To try to unravel this mystery, Wolf and his assistant, Matthias Whittlinger, trained two groups of Sahara desert ants to find a food site 10 meters from their nest. While the ants were busy eating, the scientists removed them and divided into three groups.
One group was left alone. The second group had pre-cut pig bristles superglued to each of their six legs, effectively giving them stilts. Ants in the third group had their lower leg segments cut off, thus making each leg shorter. (This part of the experience has since drawn some criticism. It should be noted, though, that in the wild, these segments often dry up and break off naturally without interfering with the ants' ability to walk long distances.)
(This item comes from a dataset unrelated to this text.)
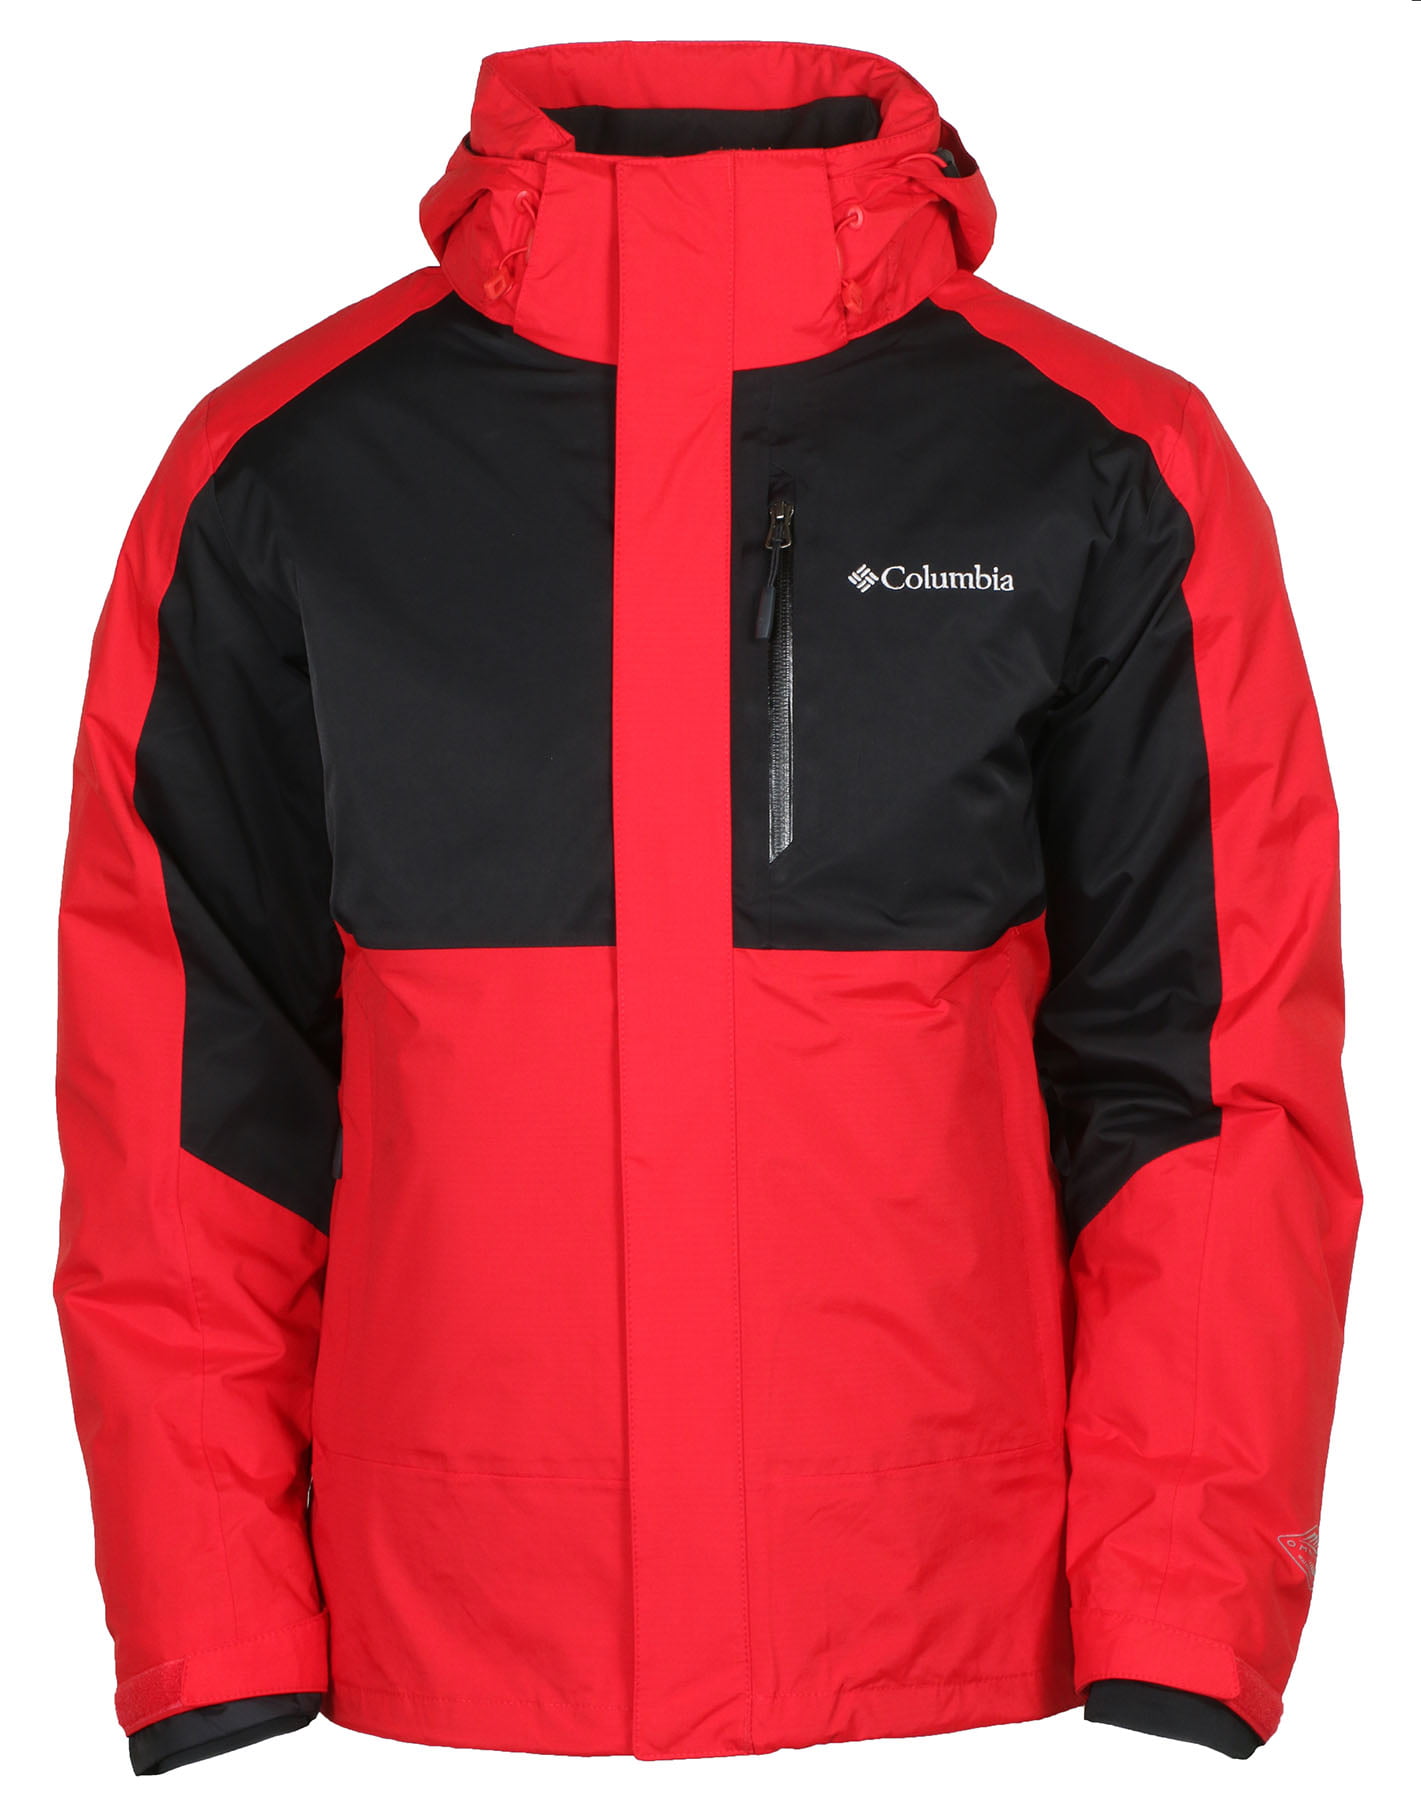 Hound Cornwall ejendom Columbia Men's Rural Mountain II Interchange Jacket (Red/Black, Large) -  Walmart.com

The ants were then released to make their way back to the nest. The scientists watched to see what would happen. If there really was a step-counting mechanism at work, then the ants whose strides had been altered would have their calculations thrown off.
And that’s exactly what happened. The normal ants walked right up to the nest and went inside. The stilt-leg ants, using giant steps, walked past the entrance and stopped 15 meters away. The stump-legged ants, using baby steps, stopped short of the entrance by almost 5 meters. Yet, all three groups had walked exactly the same number of steps back from the food site.
Interestingly, when the ants went out again in search of food, the two groups with altered gaits had no trouble judging the correct distance back to the nest.
Of course, this doesn't mean Sahara ants are actually counting their steps as "one, two, three, four, five," and so forth, the way we would. More likely, Wolfe explains, there is a neural mechanism at work that converts the motor excitation caused by each stride into a measure of distance.
Still, it's an ingenious solution to not being able to lay scent trails and it shows there is still much to be learned from even the humblest of creatures.